[[ MATERIAL PROVIDED, beginning ]]

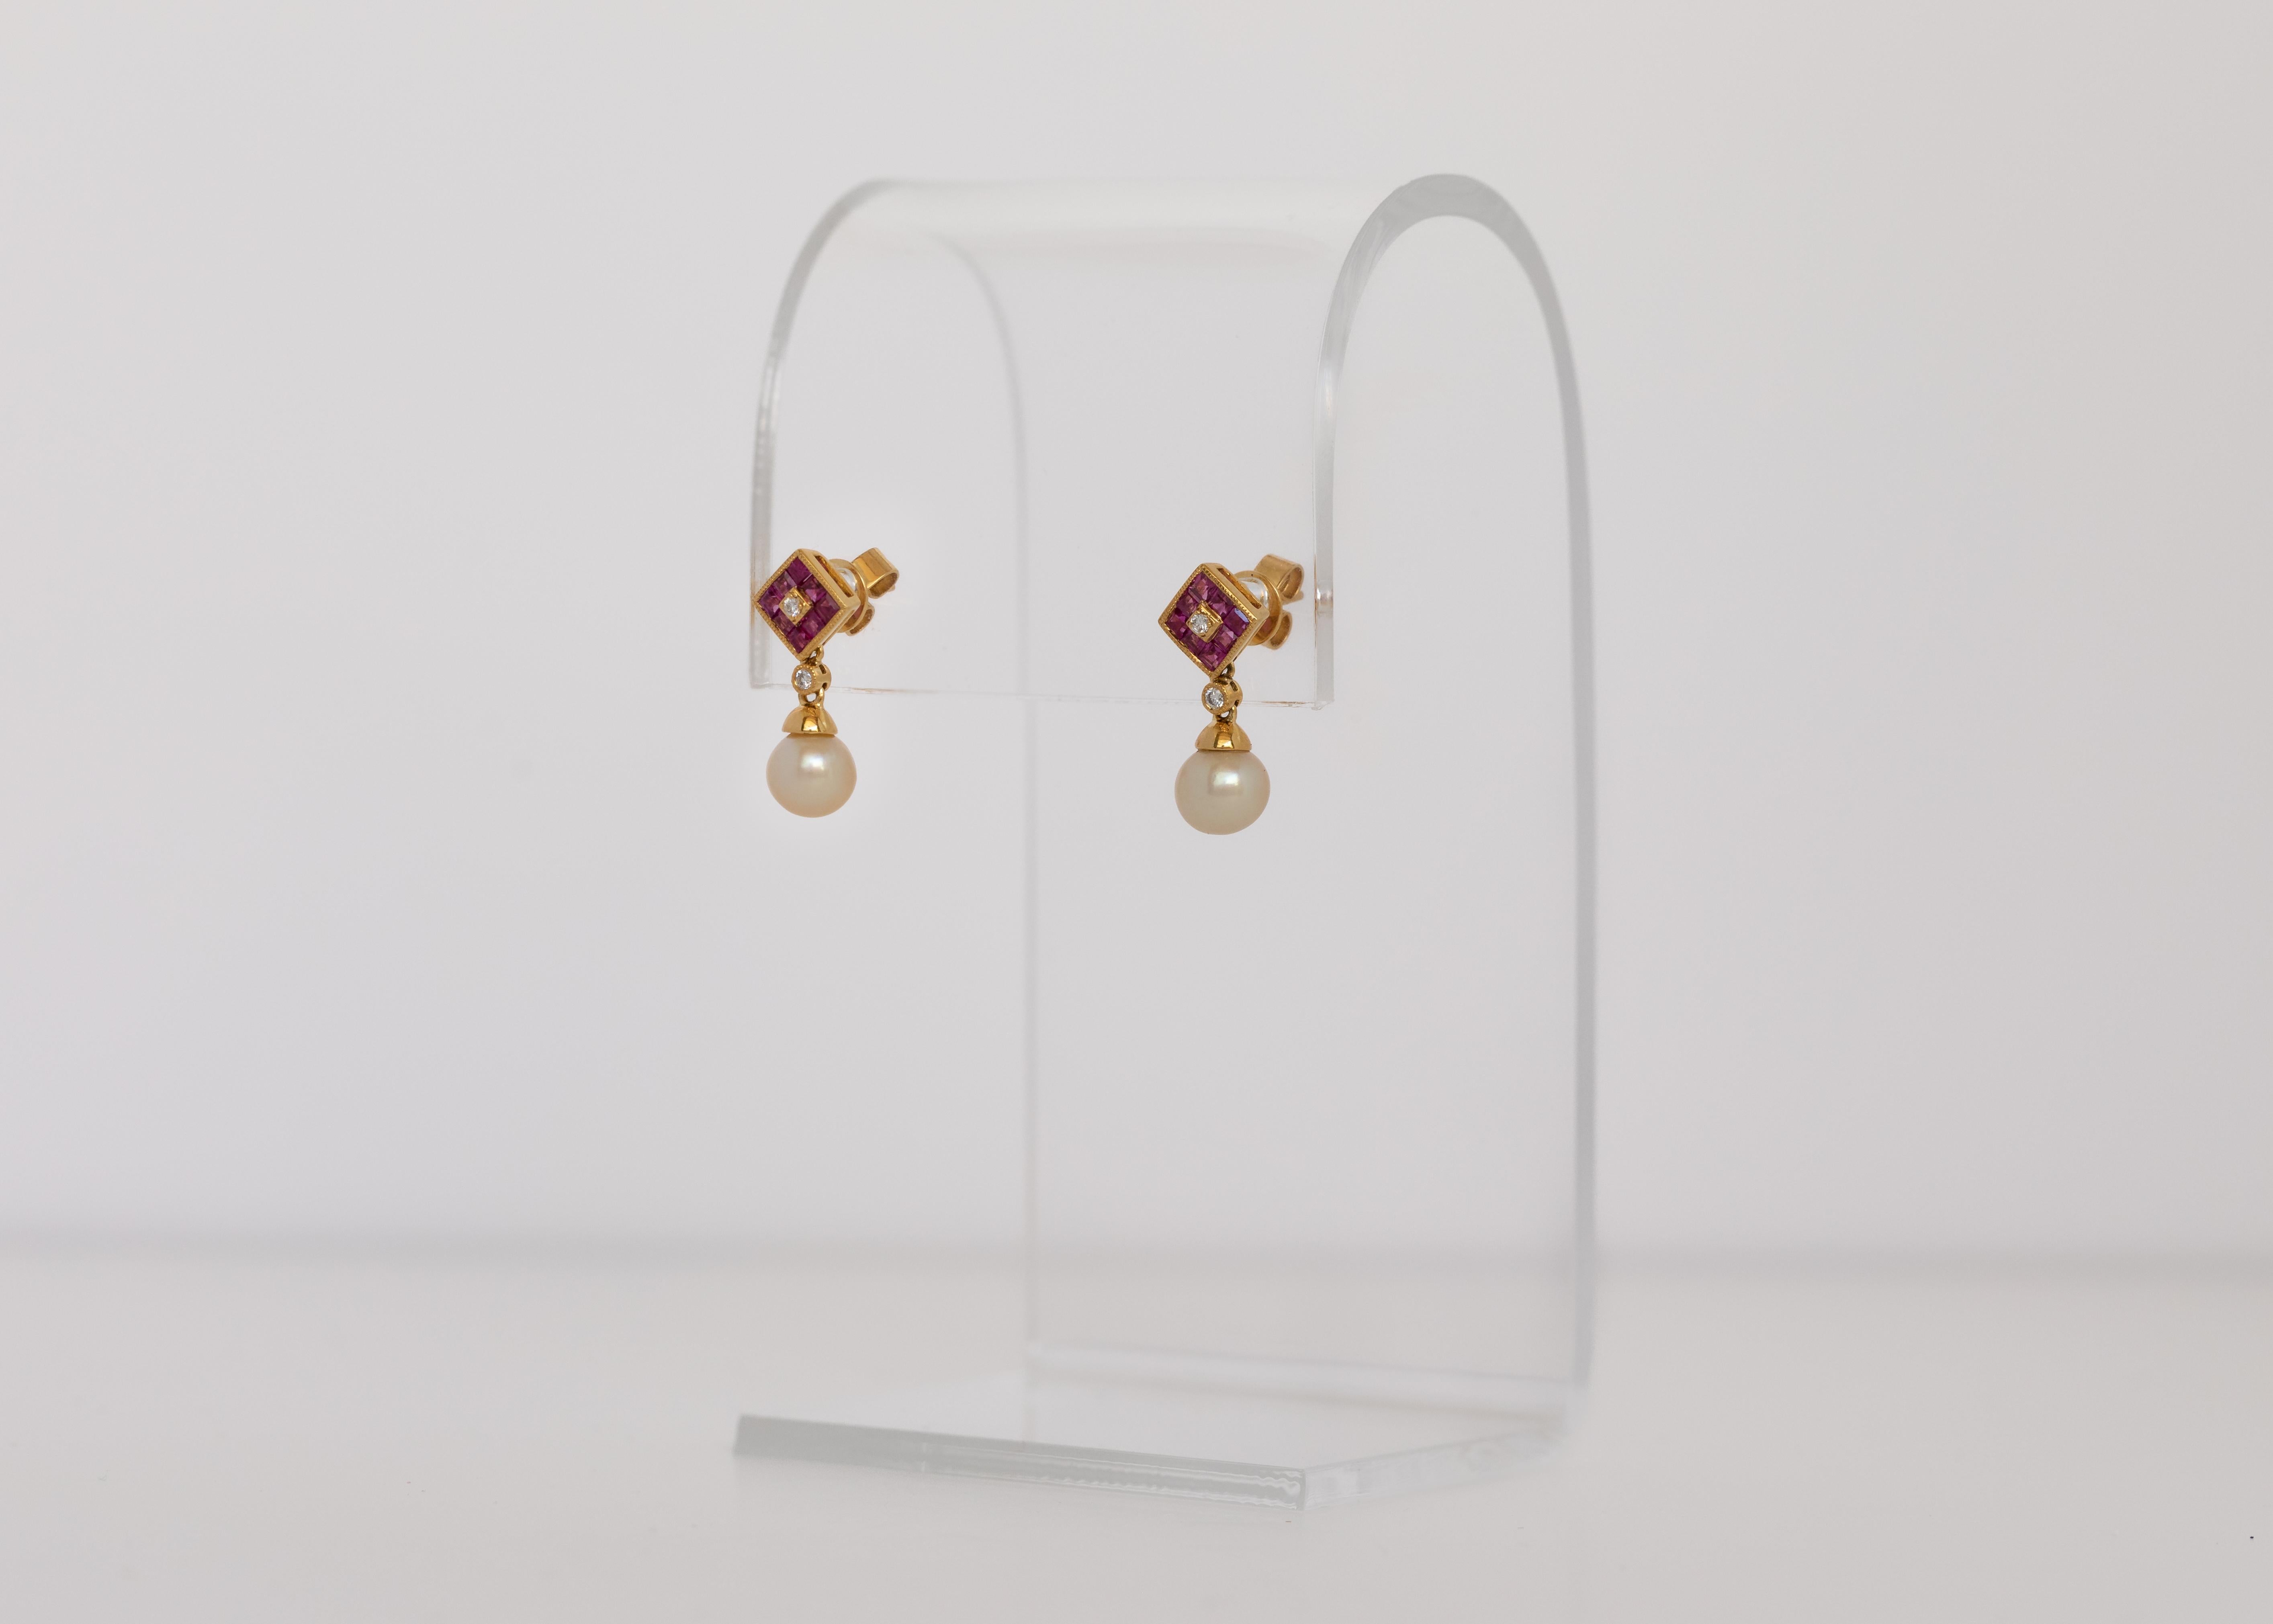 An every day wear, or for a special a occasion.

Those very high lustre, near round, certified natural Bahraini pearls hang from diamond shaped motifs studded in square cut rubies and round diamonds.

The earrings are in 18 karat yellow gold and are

[[ MATERIAL PROVIDED, end ]]

ACTIVITY: Every line of the data above should be returned exactly, with the pictures removed.

TASK SOLUTION:
 An every day wear, or for a special a occasion.

Those very high lustre, near round, certified natural Bahraini pearls hang from diamond shaped motifs studded in square cut rubies and round diamonds.

The earrings are in 18 karat yellow gold and are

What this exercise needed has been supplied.